Surjective: Let $x \in C_m \times C_n$, we have $x = (g^i , h^j)$ for some $(i,j) \in \mathbb{Z}_m \times \mathbb{Z}_n$. Then $\varphi (i,j) = (g^i , h^j) = x$. Hence, $\varphi$ is surjective.

Homomorphism: Let $(i,j) , (i',j') \in \mathbb{Z}_m \times \mathbb{Z}_n$. Note $i+j = pm + r$ where $0 \leq r \leq m-1$ and Note $i'+j' = qn + r'$ where $0 \leq r' \leq n-1$

\begin{align*}
\varphi ((i+i') \text{ mod m} , (j+j') \text{ mod n}) & = (g^r , h^{r'})
\nonumber \\
& = (g^{i+j - pm} , h^{i'+j'-qn})
\nonumber \\
& = (g^i , h^j) (g^{i'} , h^{j'})
\nonumber \\
& = \varphi (i , j) \varphi (i' , j') ,
\end{align*}

so $\varphi$ satisfies the homomorphism property.
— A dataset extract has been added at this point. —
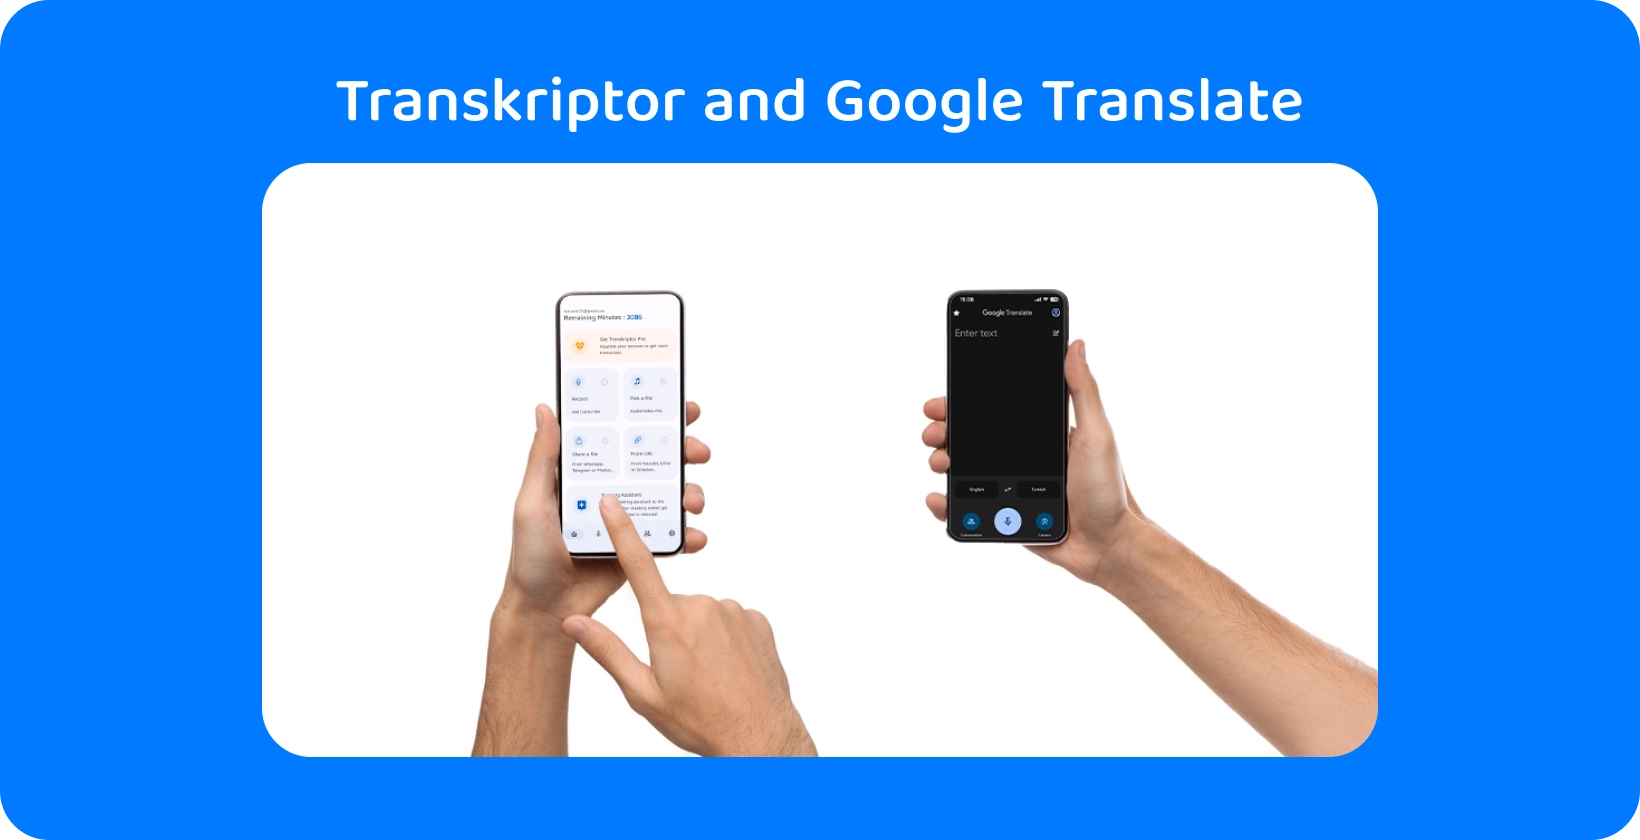 Dua tangan memegang telefon pintar dengan Transkriptor dan Google Terjemah, menunjukkan transkripsi audio dan terjemahan.

Therefore, $\varphi : \mathbb{Z}_m \times \mathbb{Z}_n \rightarrow C_m \times C_n$ is an isomorphism. We conclude that $\mathbb{Z}_m \times \mathbb{Z}_n \simeq C_m \times C_n$ and hence $C_m \times C_n \simeq \mathbb{Z}_m \times \mathbb{Z}_n$.